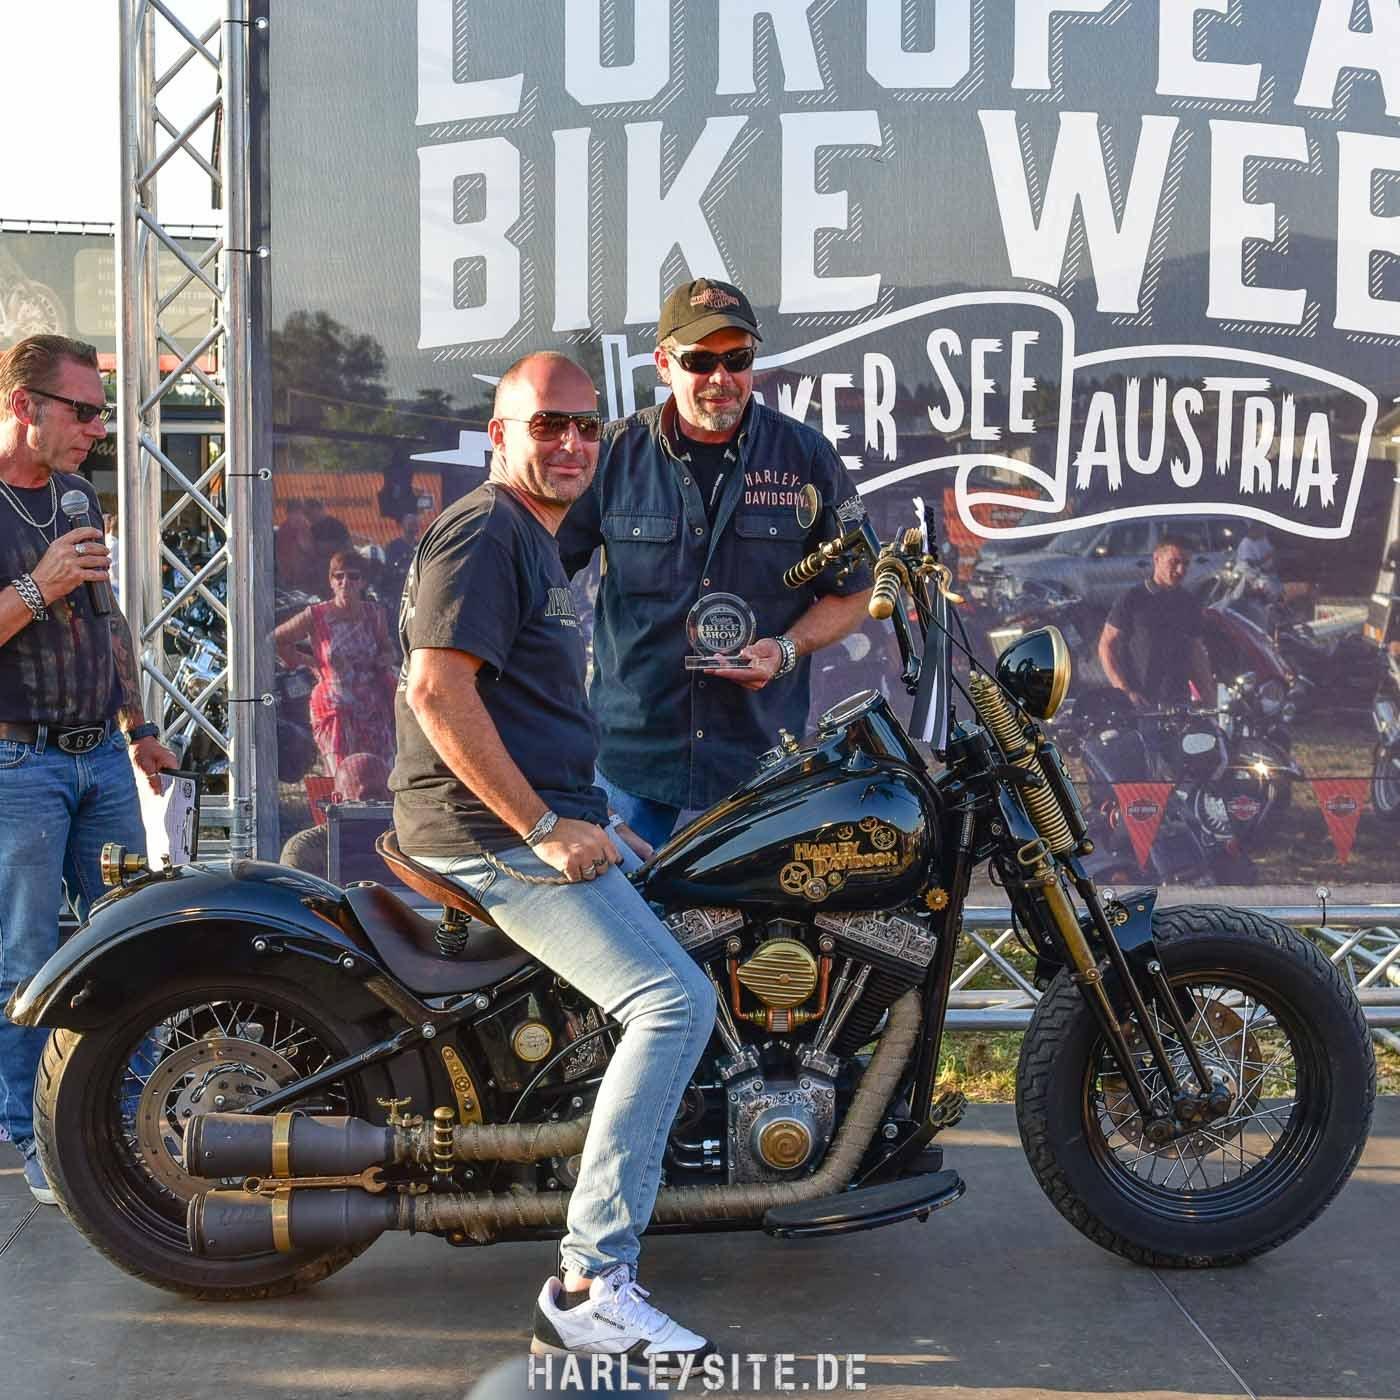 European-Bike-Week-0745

---

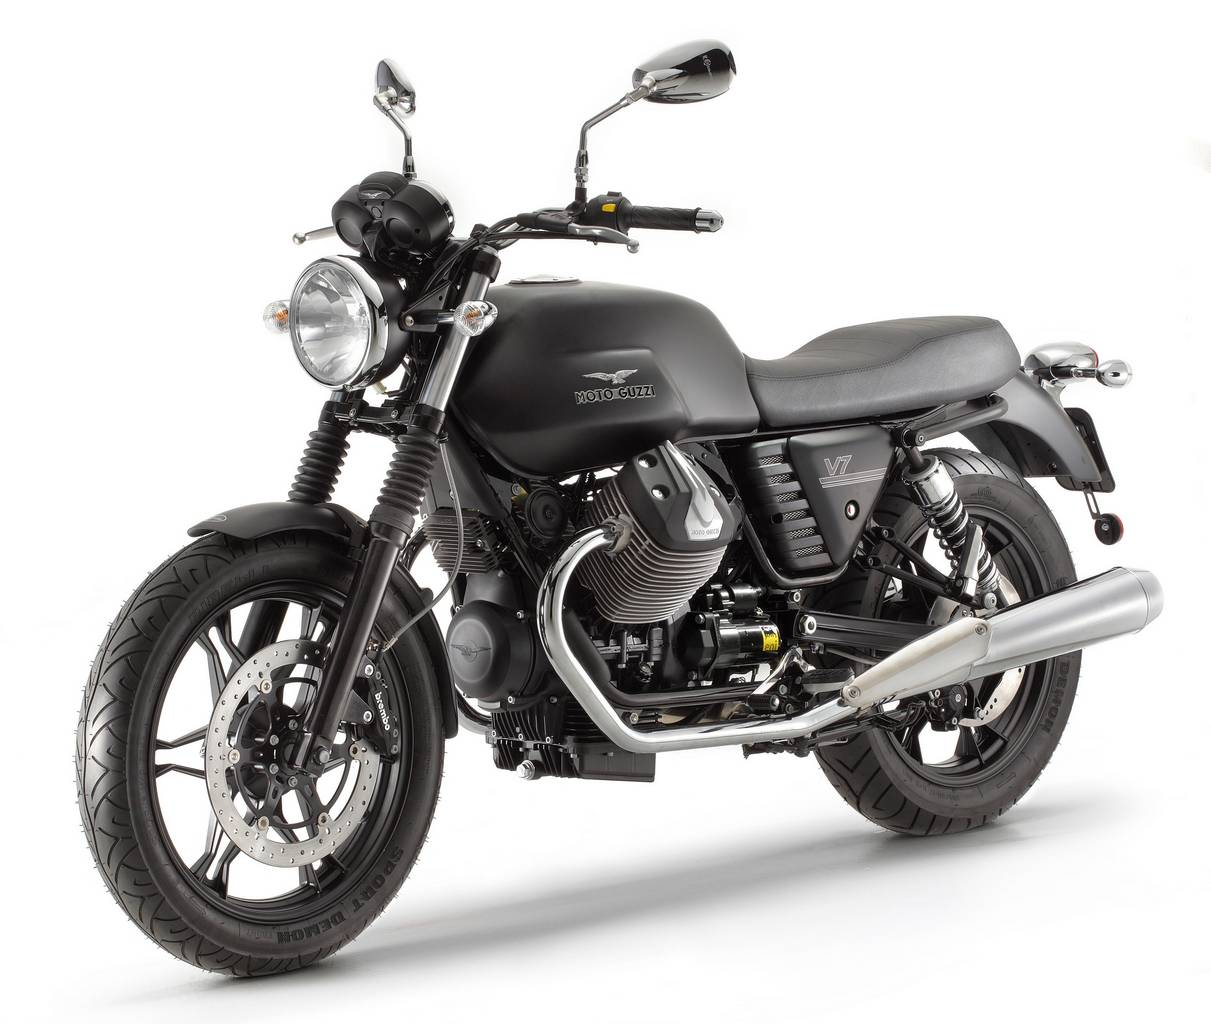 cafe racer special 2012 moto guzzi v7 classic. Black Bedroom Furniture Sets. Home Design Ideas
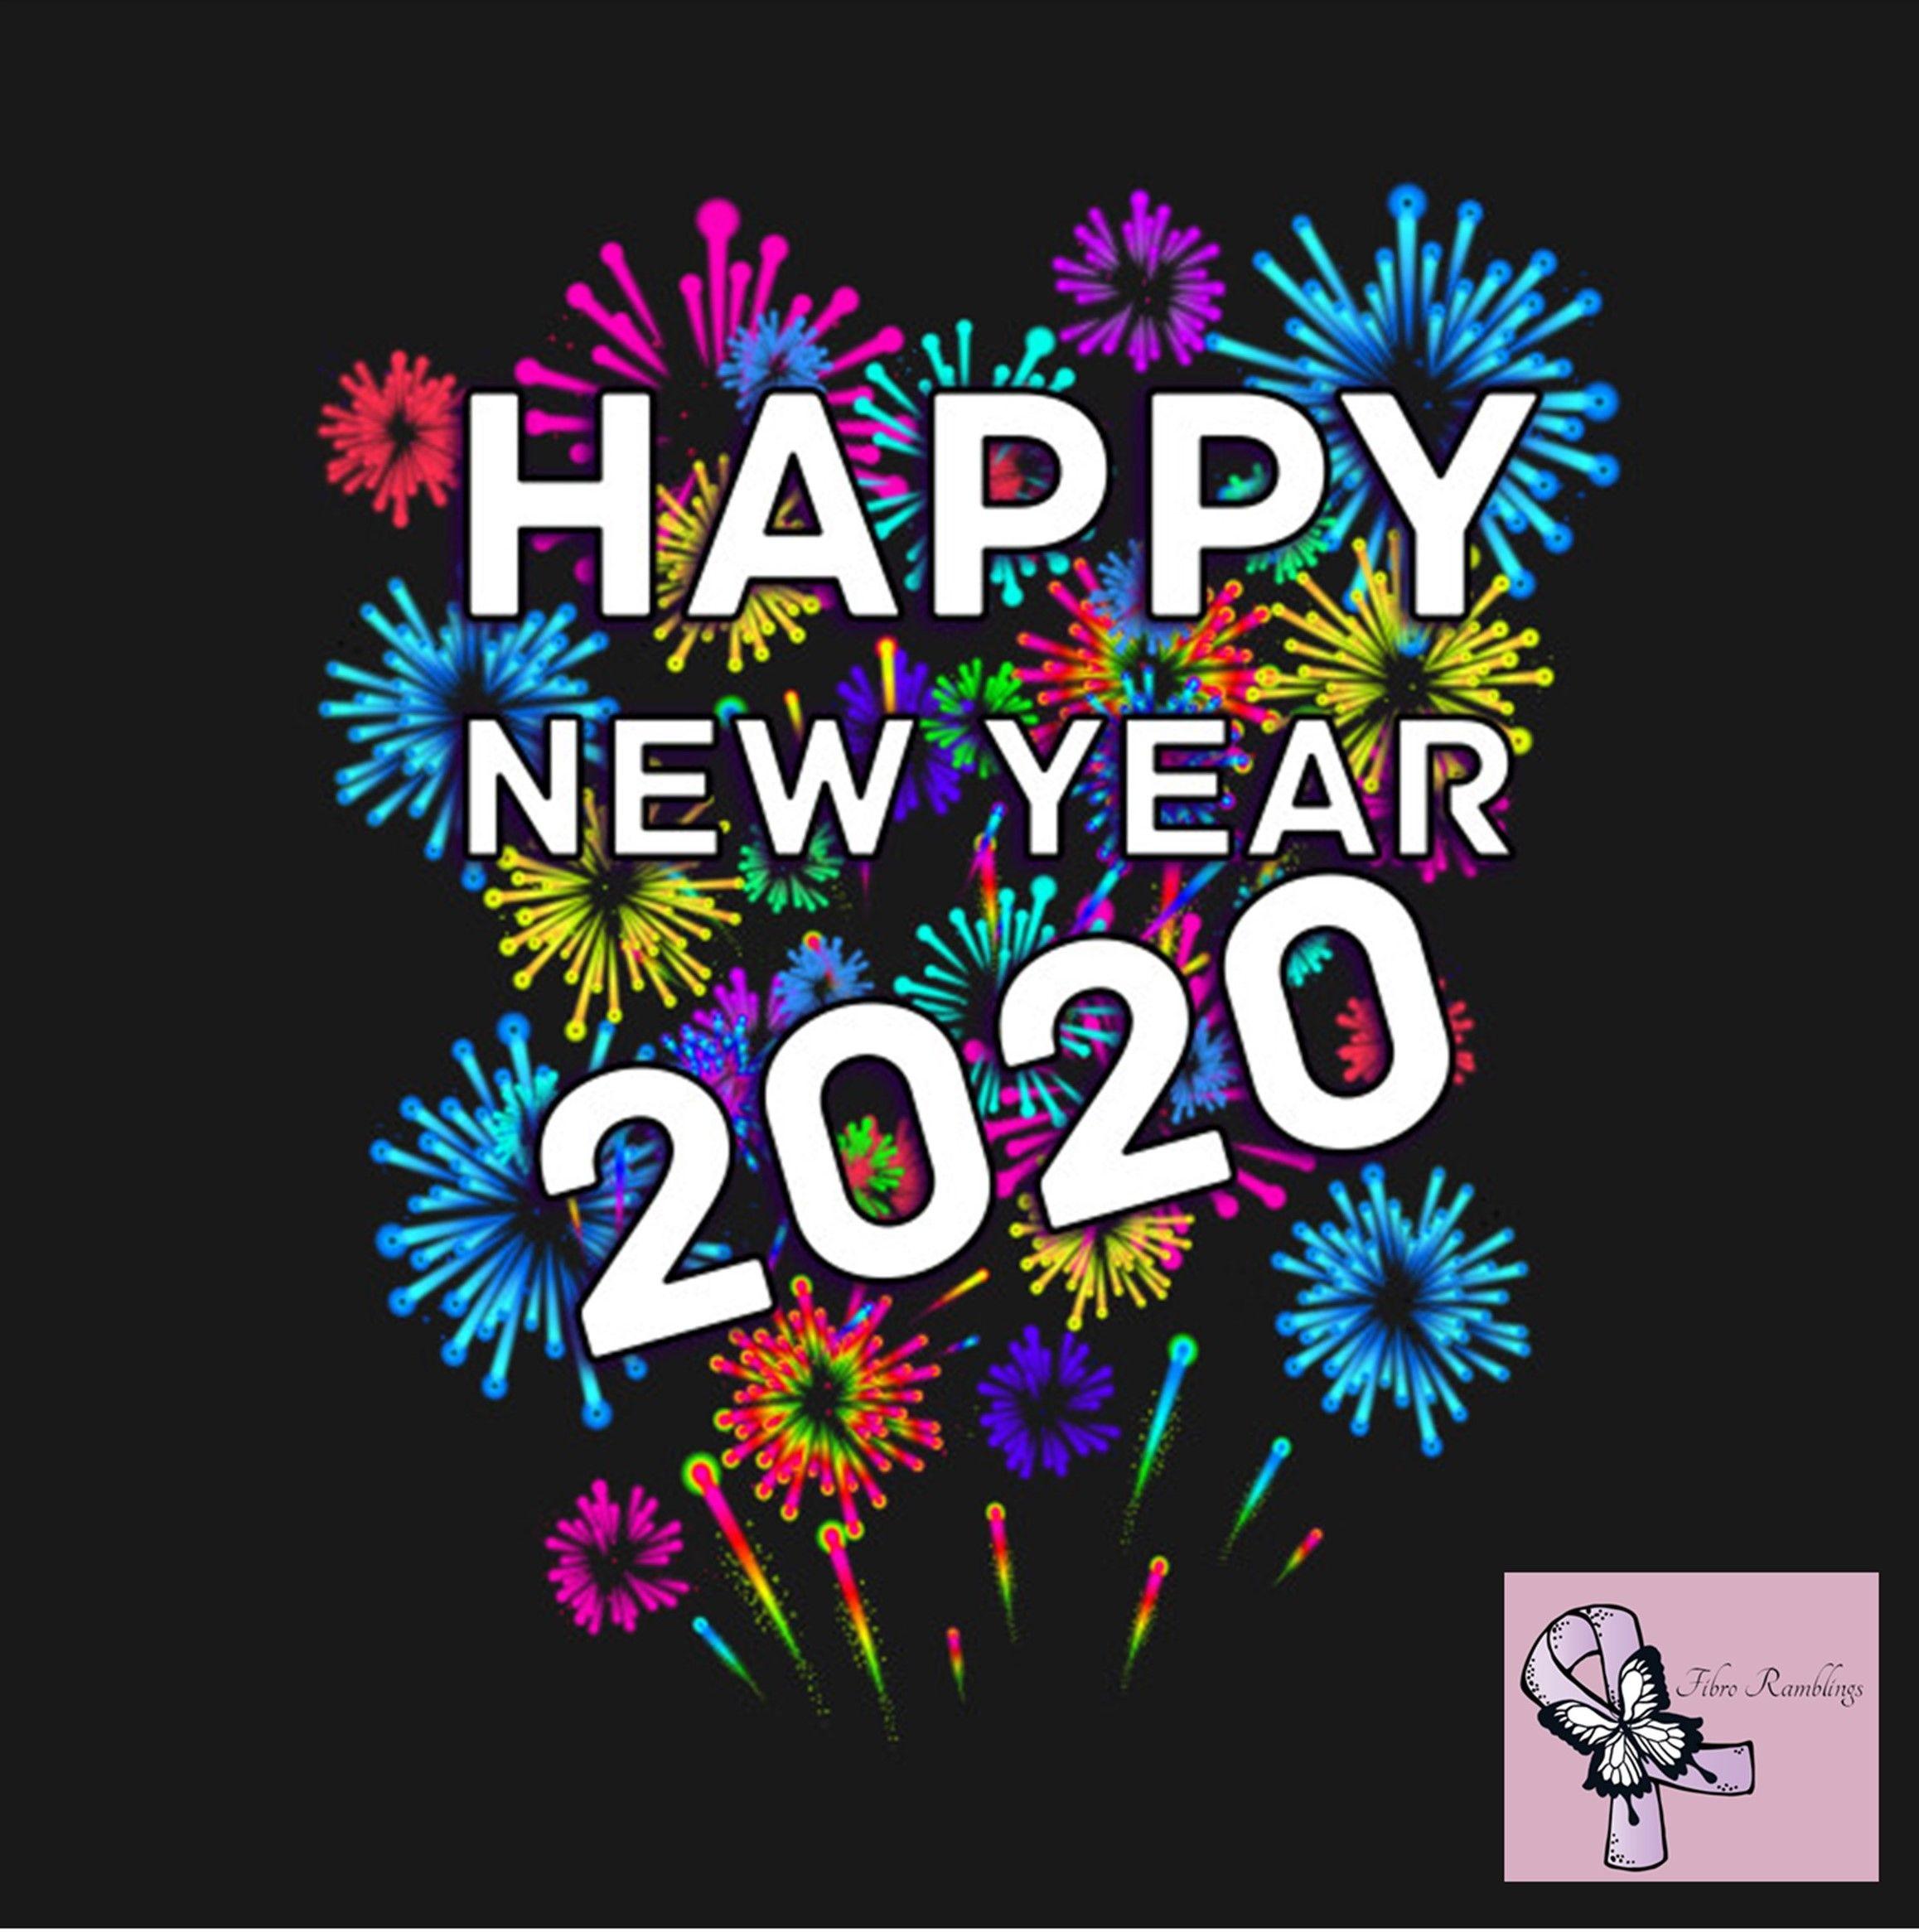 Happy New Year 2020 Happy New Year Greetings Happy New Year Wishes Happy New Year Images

Work request: Reproduce the lines above starting at the one with "cafe racer special" and ending at the one with "Happy New Year 2020", both included, exactly and with no pictures.

Task result:
 cafe racer special 2012 moto guzzi v7 classic. Black Bedroom Furniture Sets. Home Design Ideas
 Happy New Year 2020 Happy New Year Greetings Happy New Year Wishes Happy New Year Images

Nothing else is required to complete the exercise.